## Task description
Transcribe each line of the material as it is, and drop any picture.

** Given material follows **

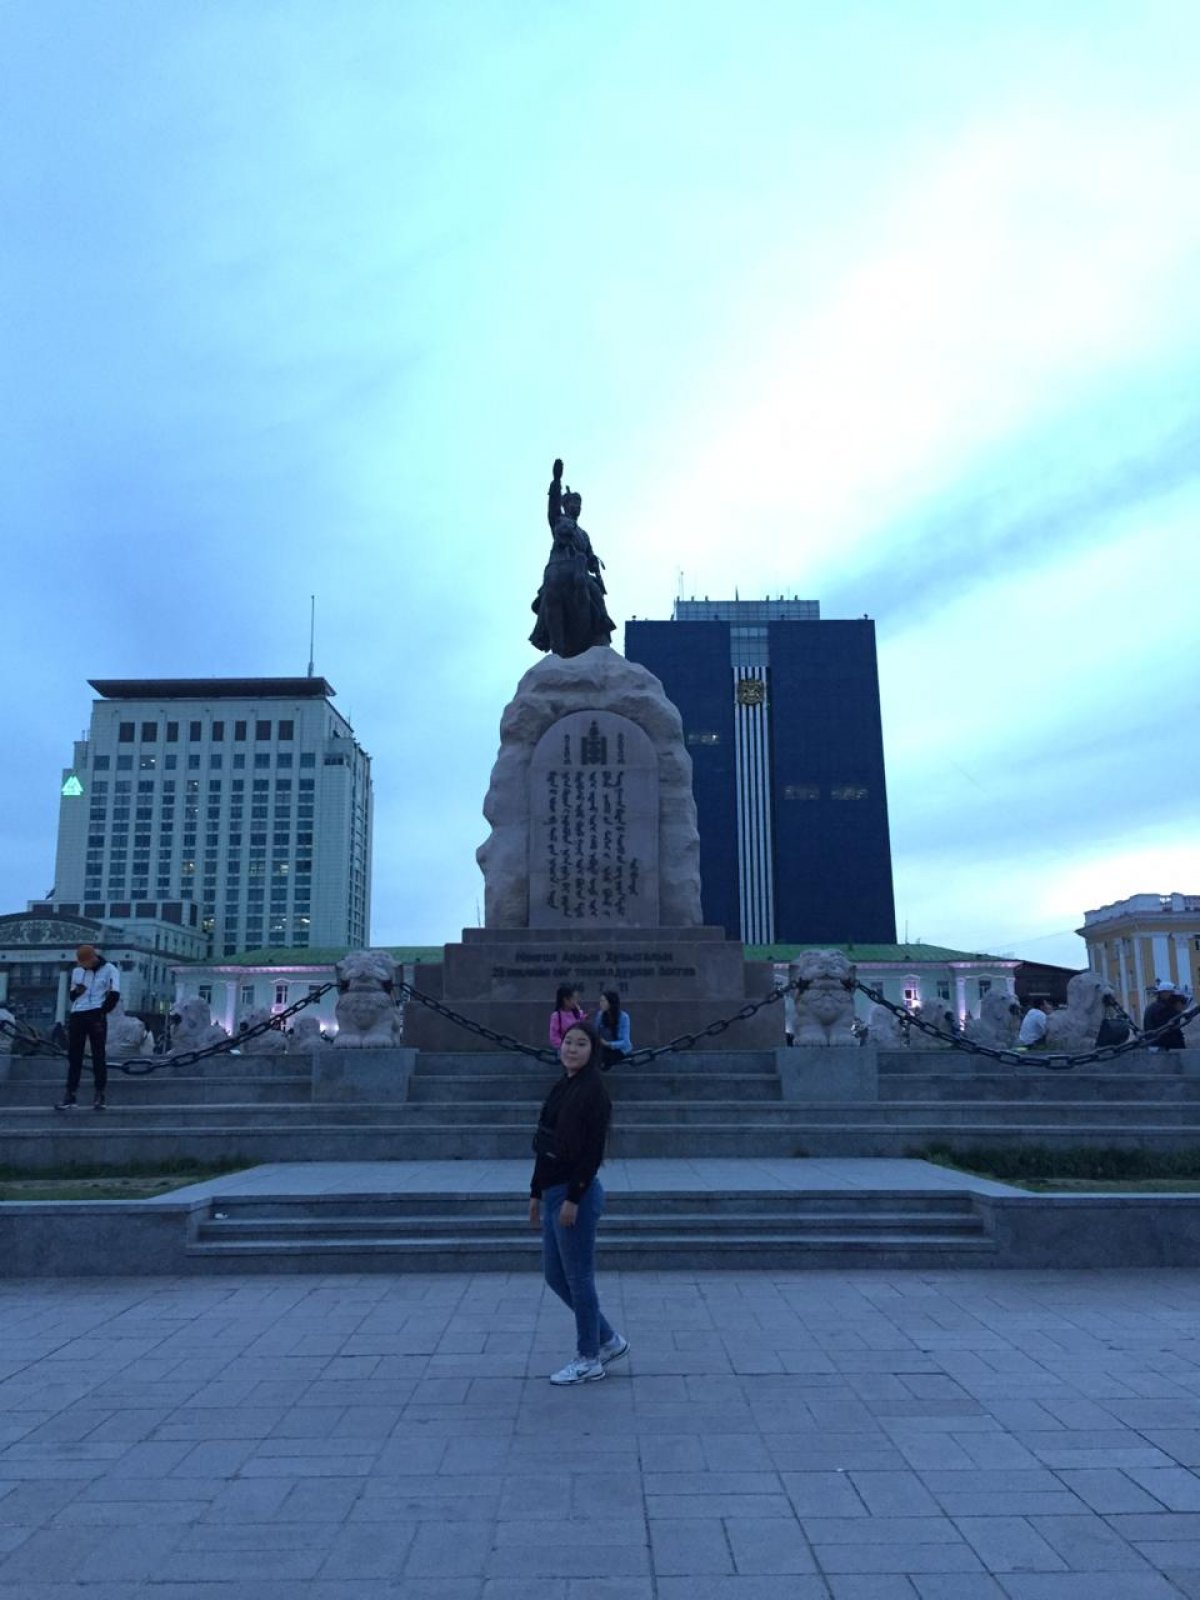 Наша студентка уже месяц учится в Монголии! Паша Лебедева, студентка II курса кафедры НХК, передает всем большой привет и делится своими впечатлениями:
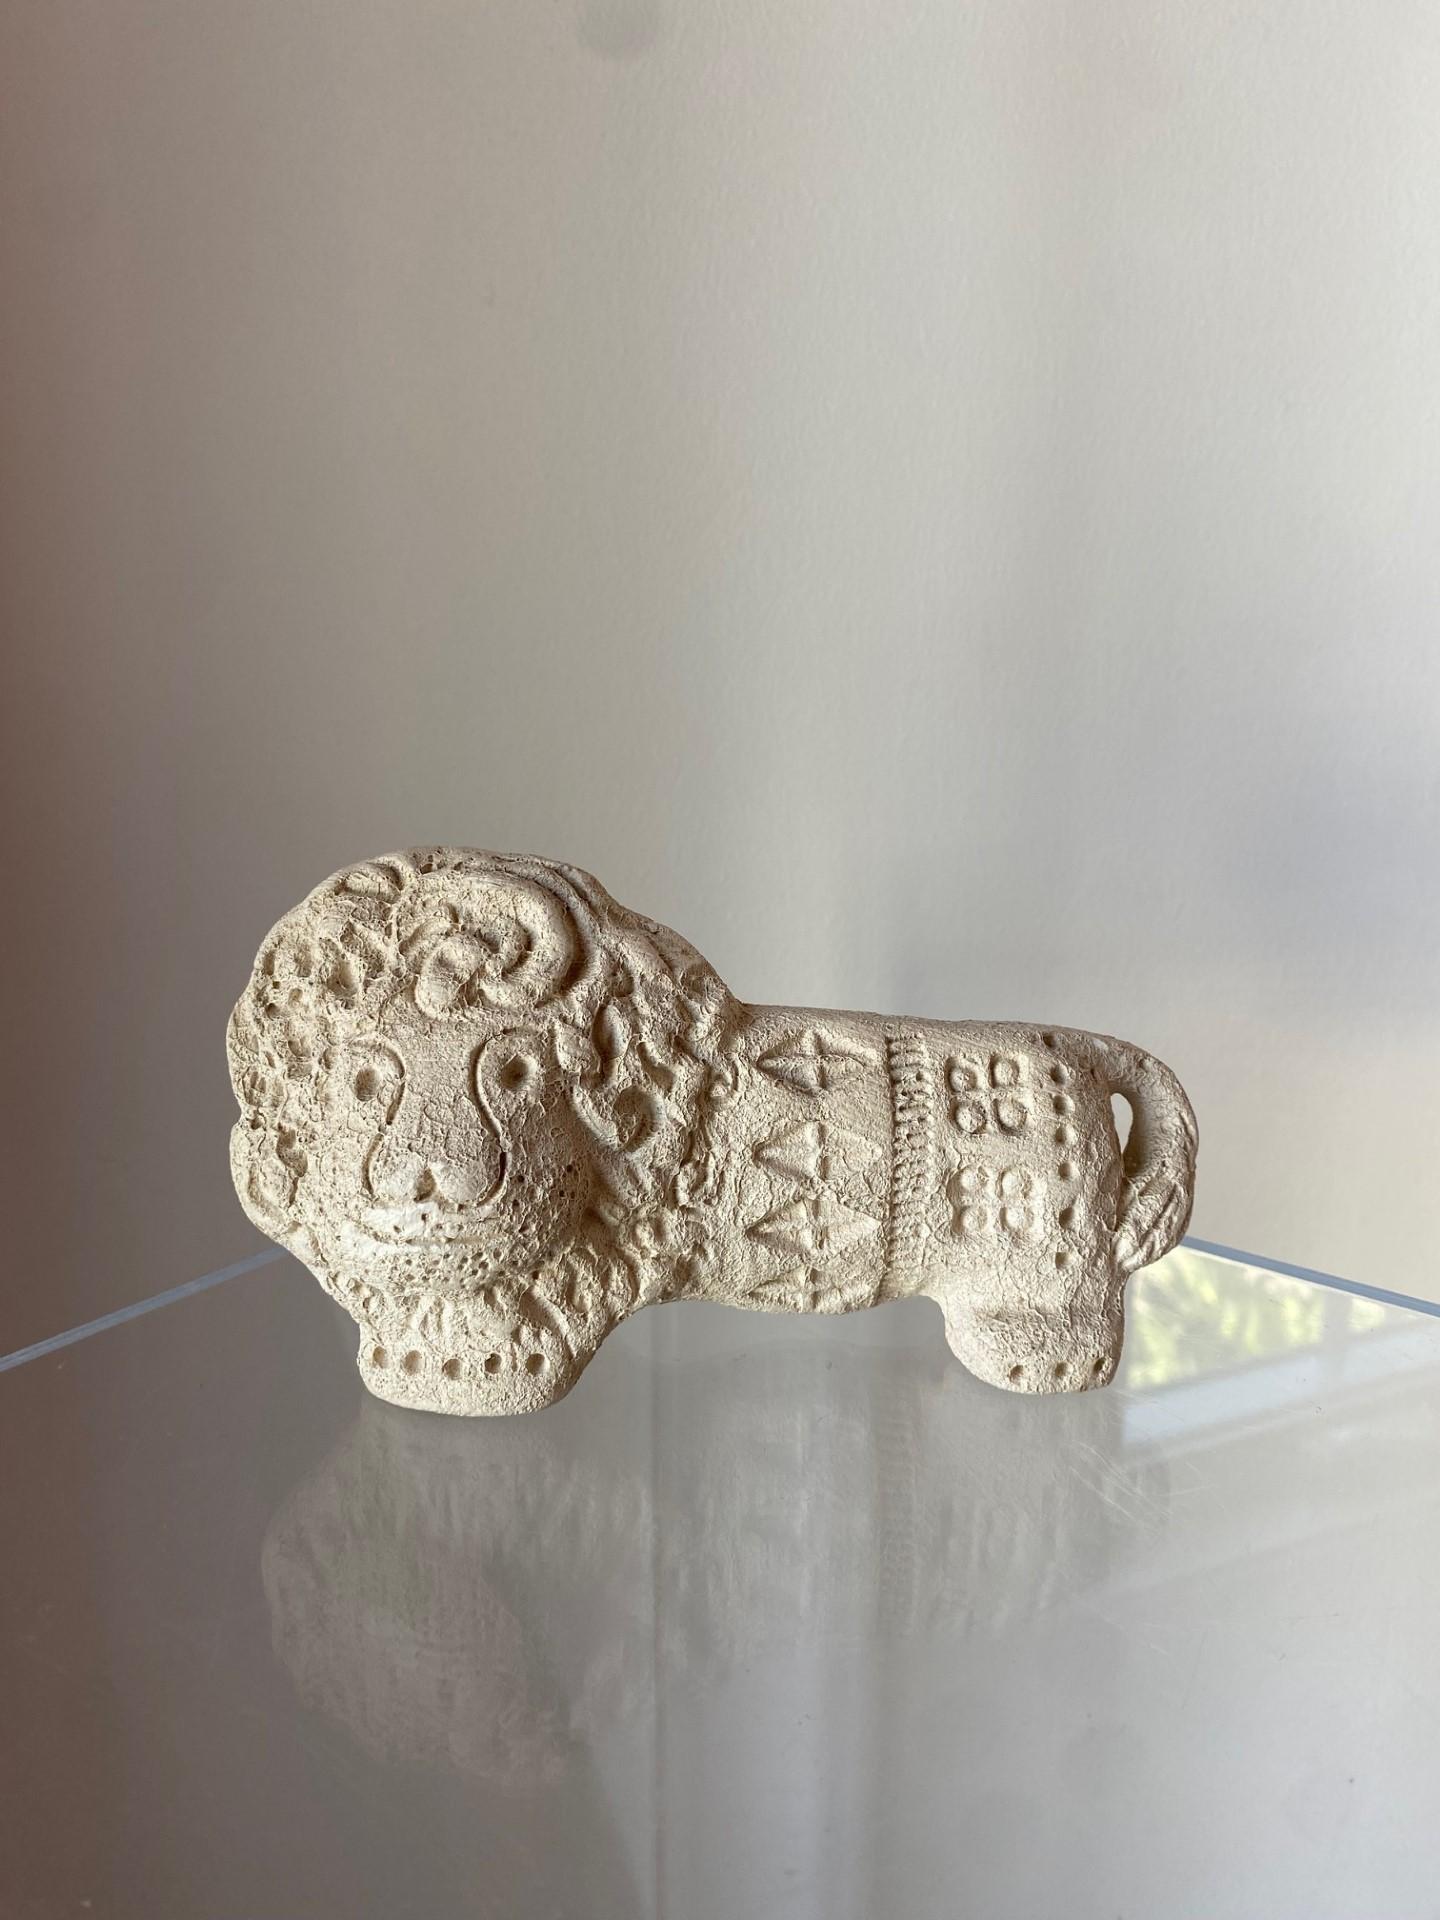 Ce lion vintage en céramique de Flavia Montelupo est un bel ajout à toute collection. Fabriquée en Italie par Aldo Londi (Bitossi), cette figure non émaillée présente les détails complexes d'un lion enjoué. Le matériau céramique ajoute une touche
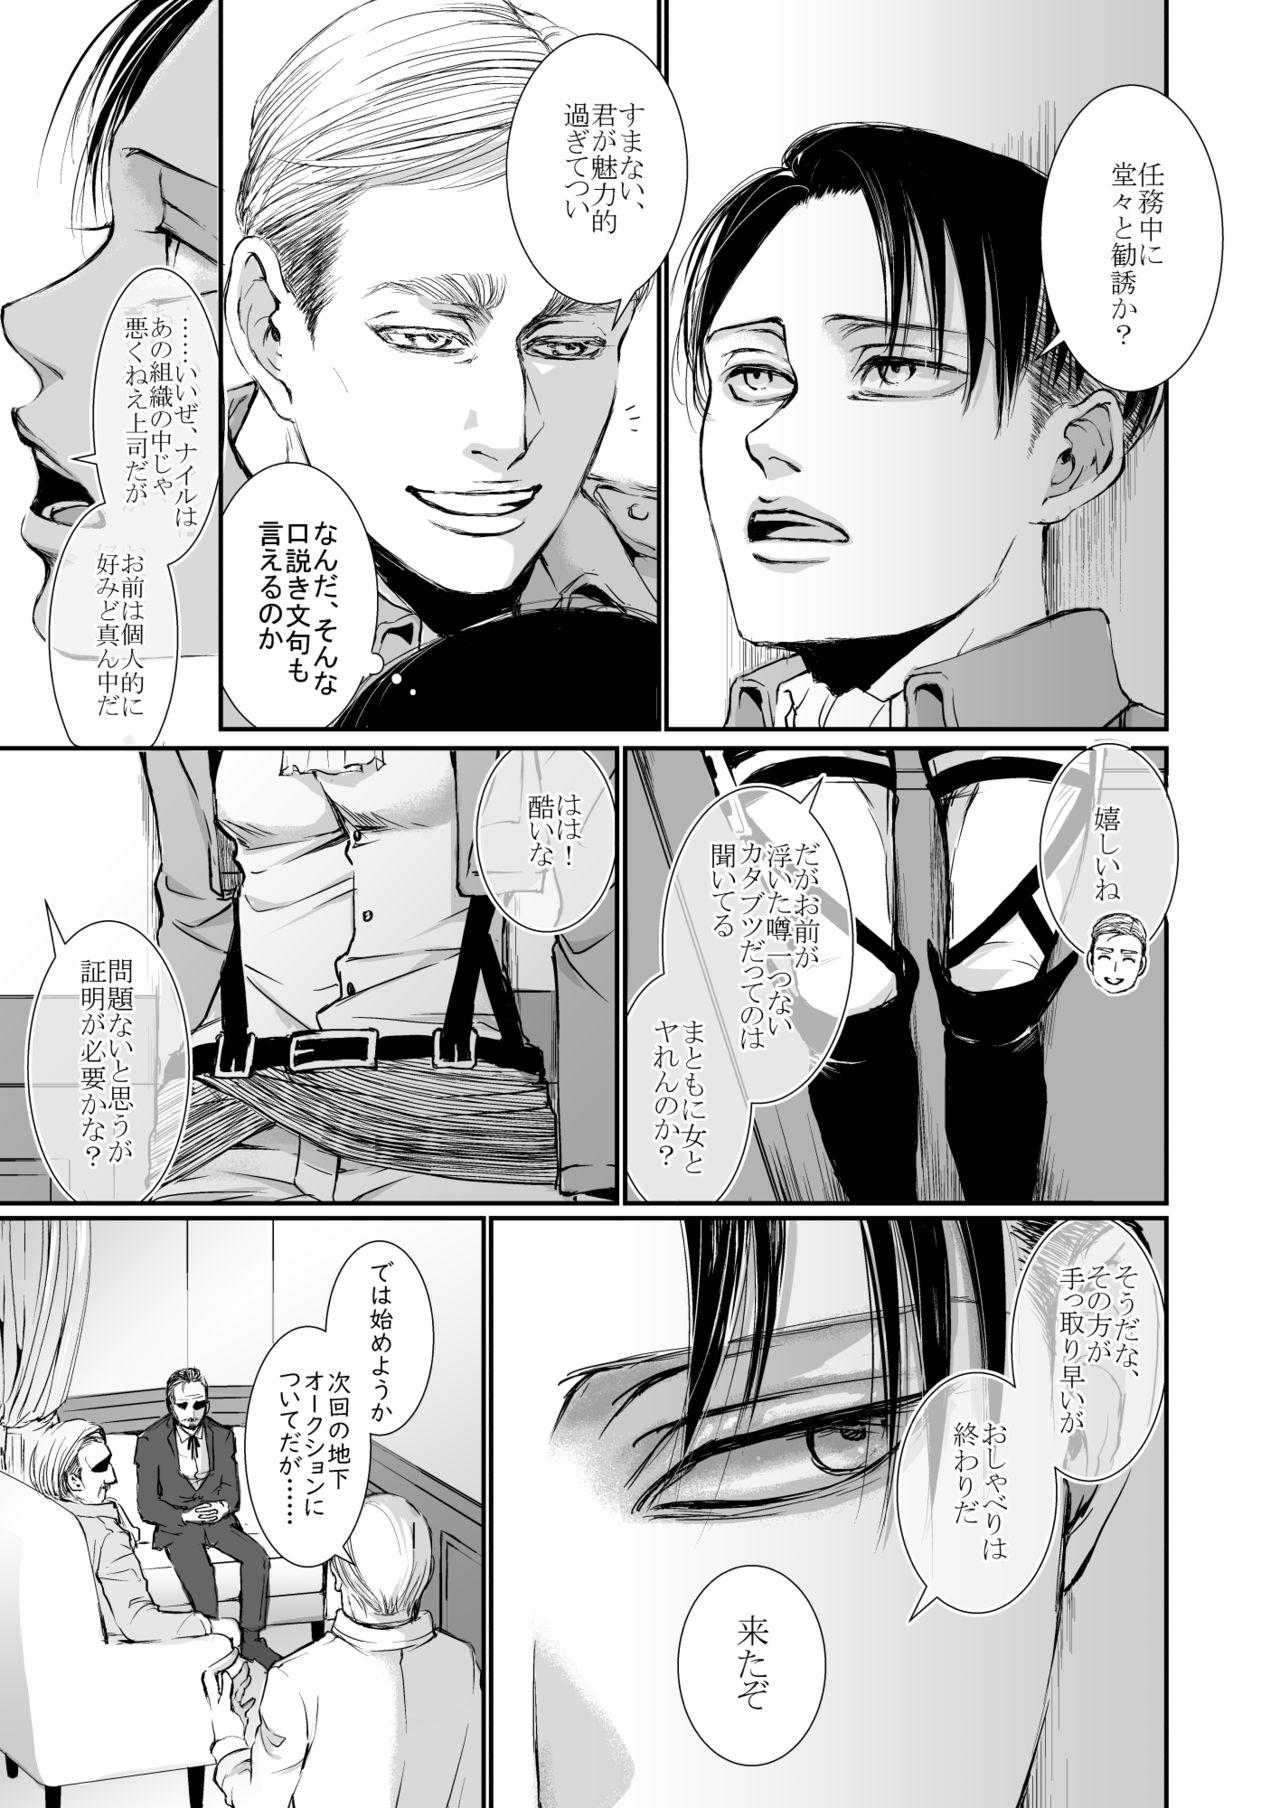 Harcore Chousa Heidan-bun Taichou x Kenpeidan Ni Yotari - Shingeki no kyojin | attack on titan Lesbians - Page 5

** End of Given material **

## Answer to this exercise
 Наша студентка уже месяц учится в Монголии! Паша Лебедева, студентка II курса кафедры НХК, передает всем большой привет и делится своими впечатлениями:
 Ce lion vintage en céramique de Flavia Montelupo est un bel ajout à toute collection. Fabriquée en Italie par Aldo Londi (Bitossi), cette figure non émaillée présente les détails complexes d'un lion enjoué. Le matériau céramique ajoute une touche
 Harcore Chousa Heidan-bun Taichou x Kenpeidan Ni Yotari - Shingeki no kyojin | attack on titan Lesbians - Page 5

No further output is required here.